*EXERCISE REQUIREMENTS*.
Without including any images, repeat the listing below exactly.

*INFORMATION SHOWN*.
_ _ _ _ _
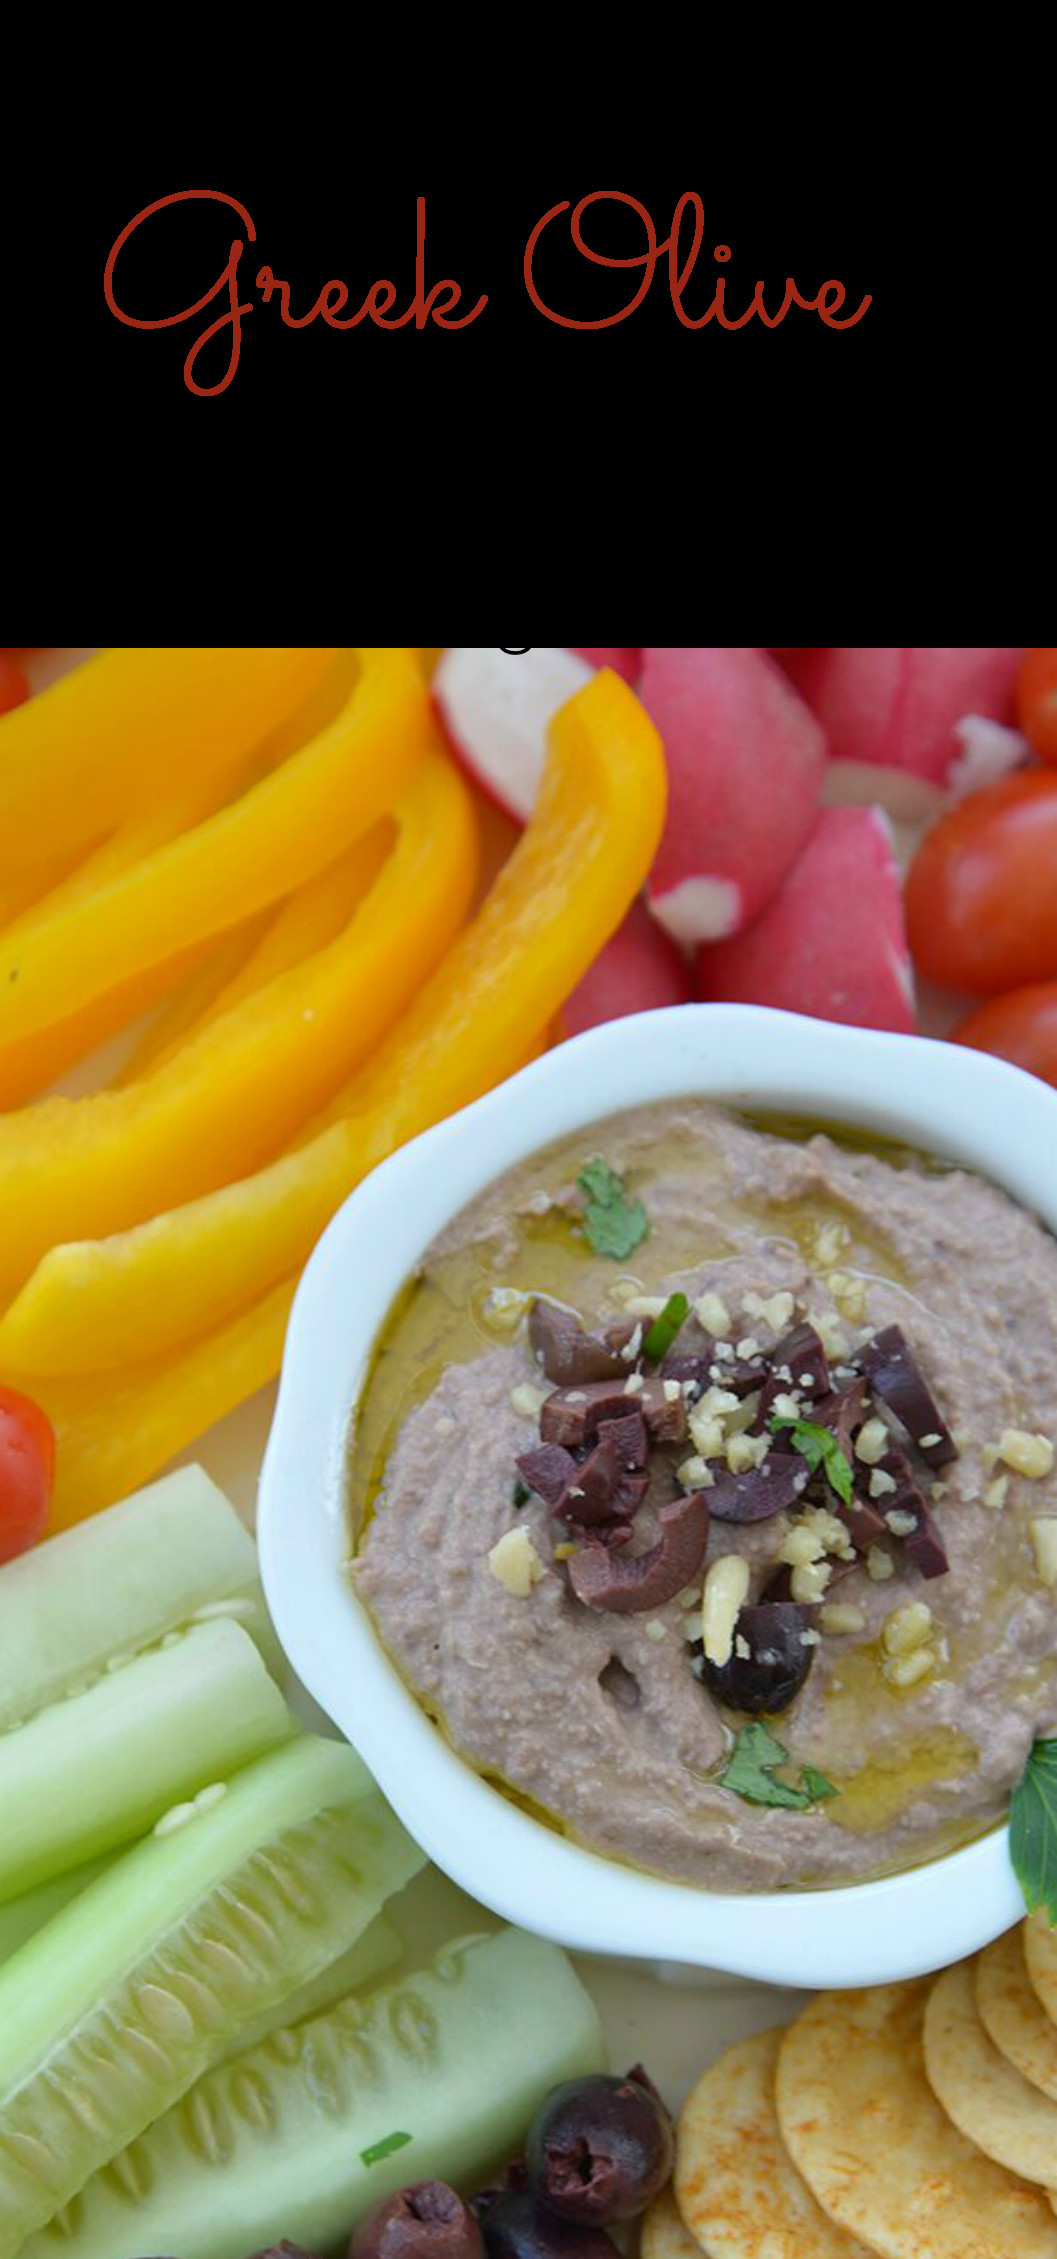 Gluten Free Appetizers To Buy
 Kalamata Hummus Recipe
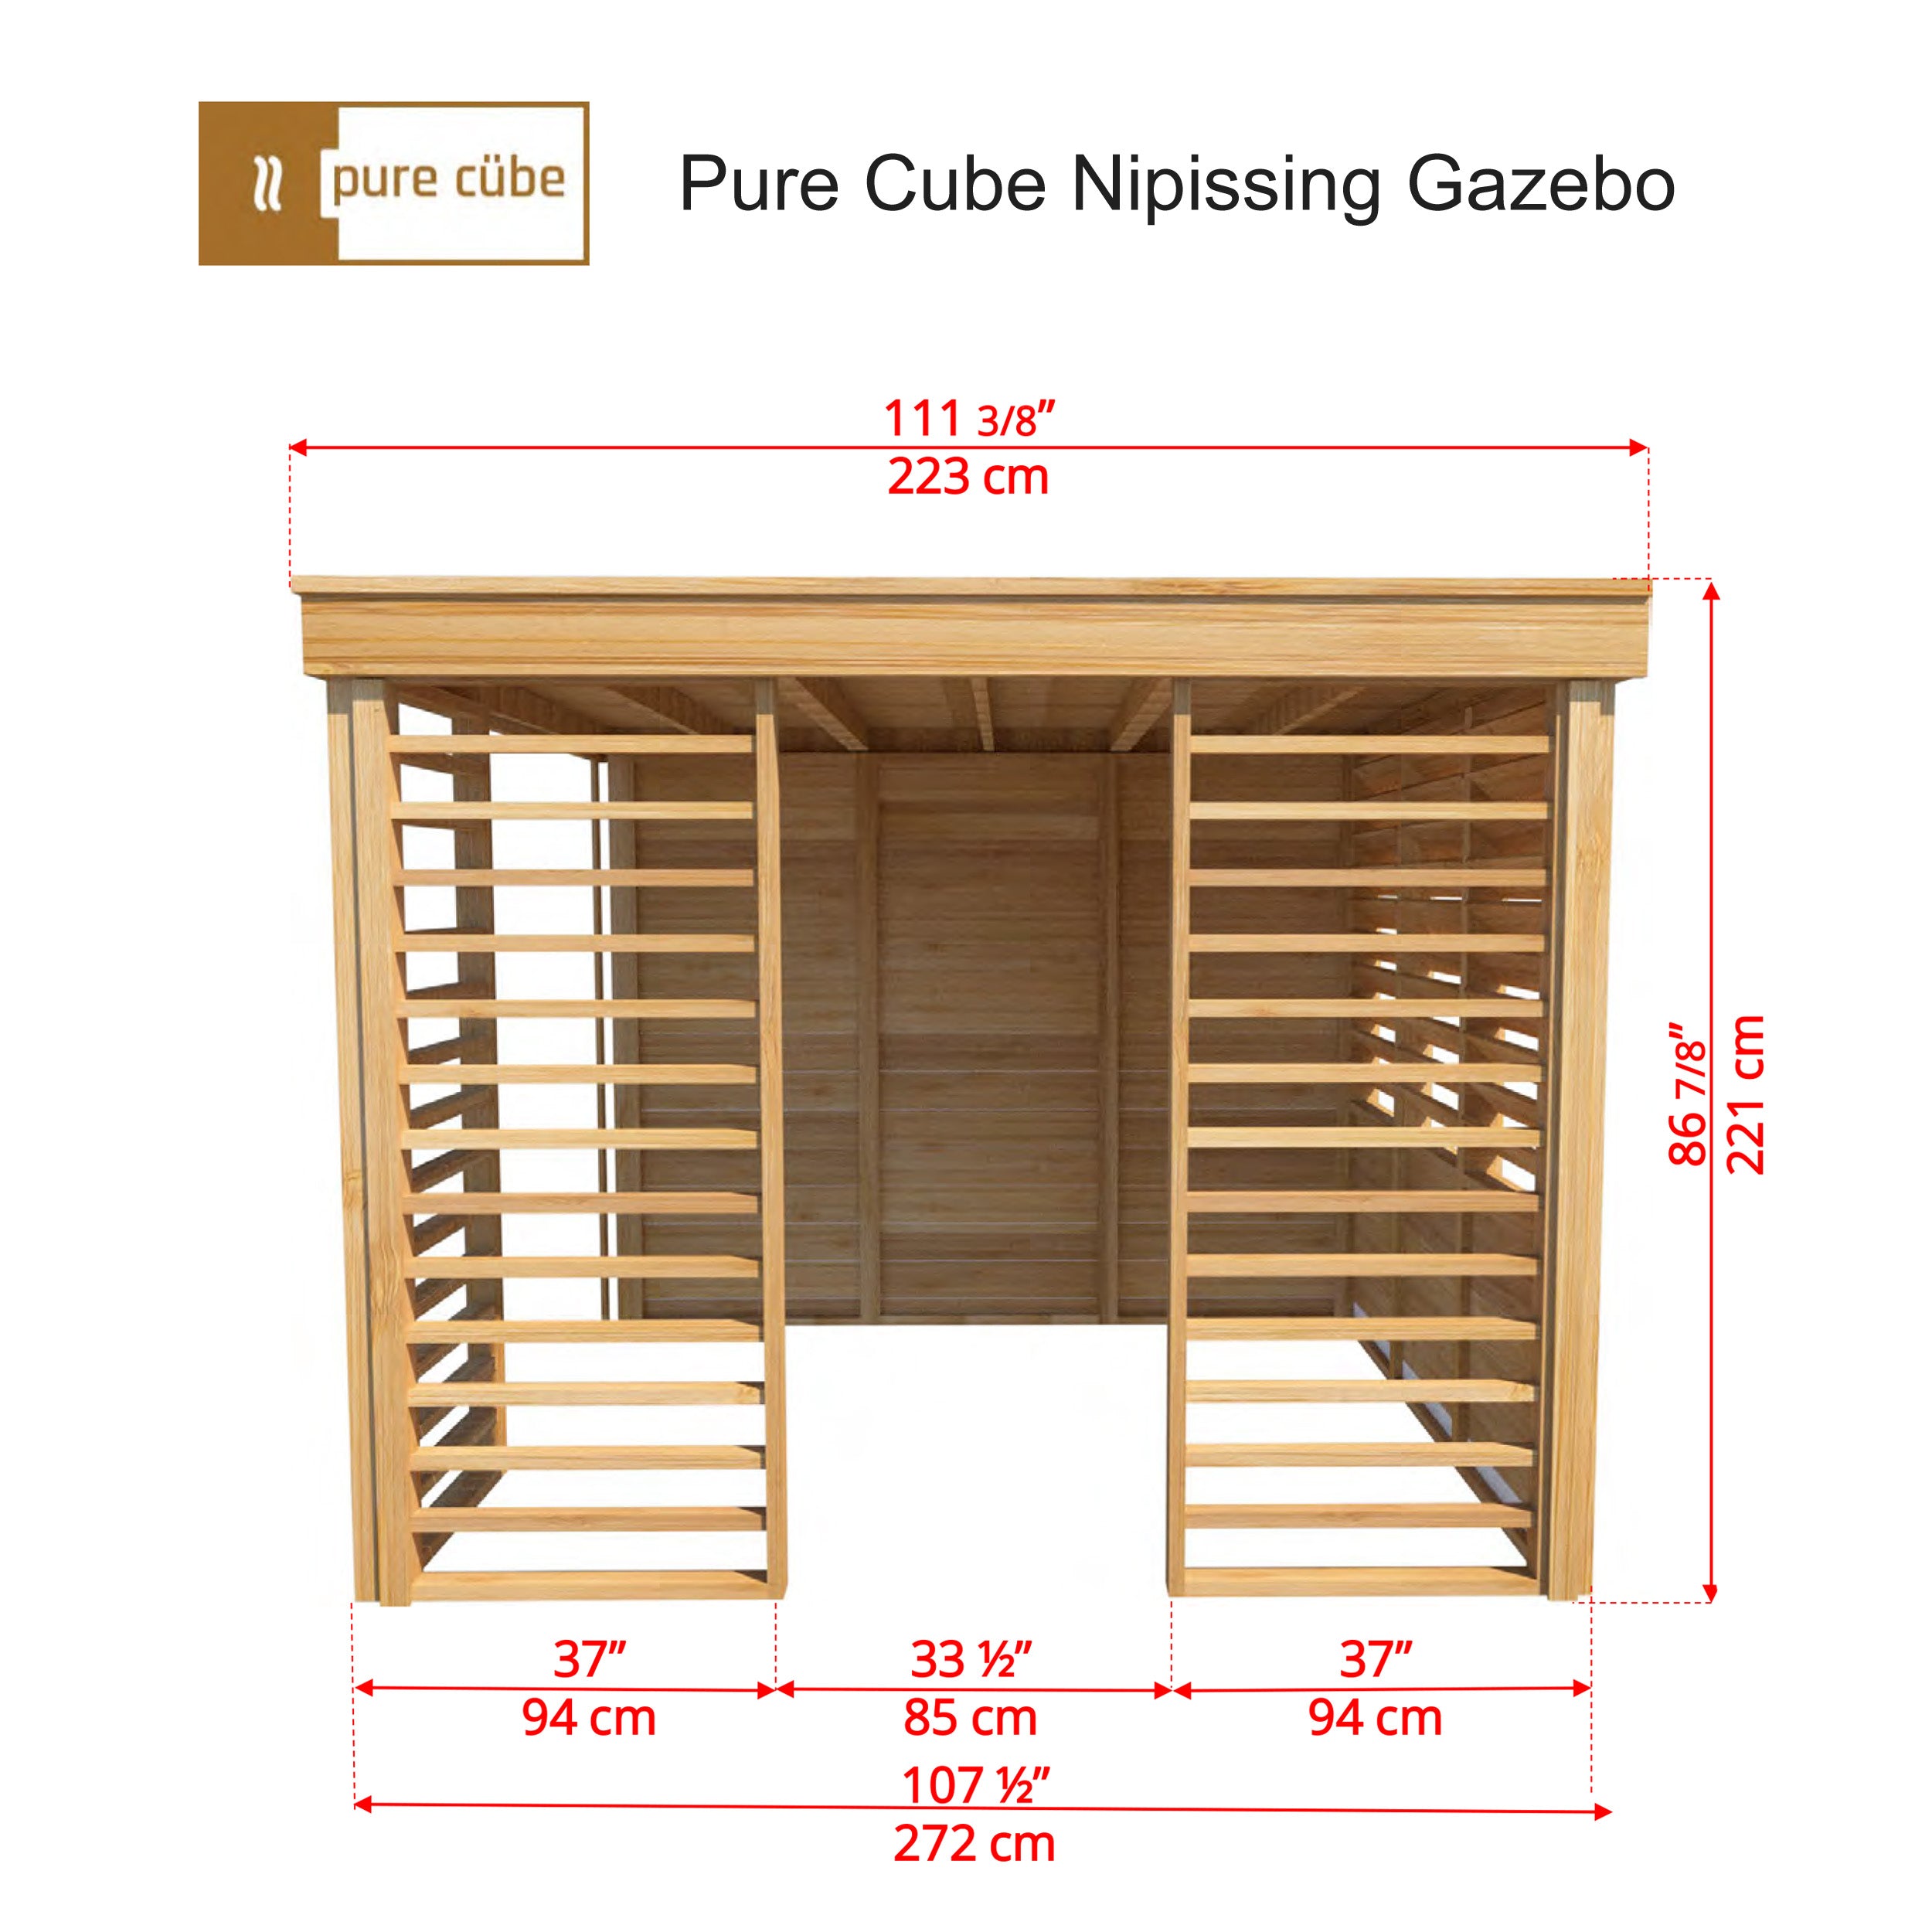 Pure Cube Nipissing Gazebo Dimensions
_ _ _ _ _
*EXERCISE OUTPUT*.
 Gluten Free Appetizers To Buy
 Kalamata Hummus Recipe
 Pure Cube Nipissing Gazebo Dimensions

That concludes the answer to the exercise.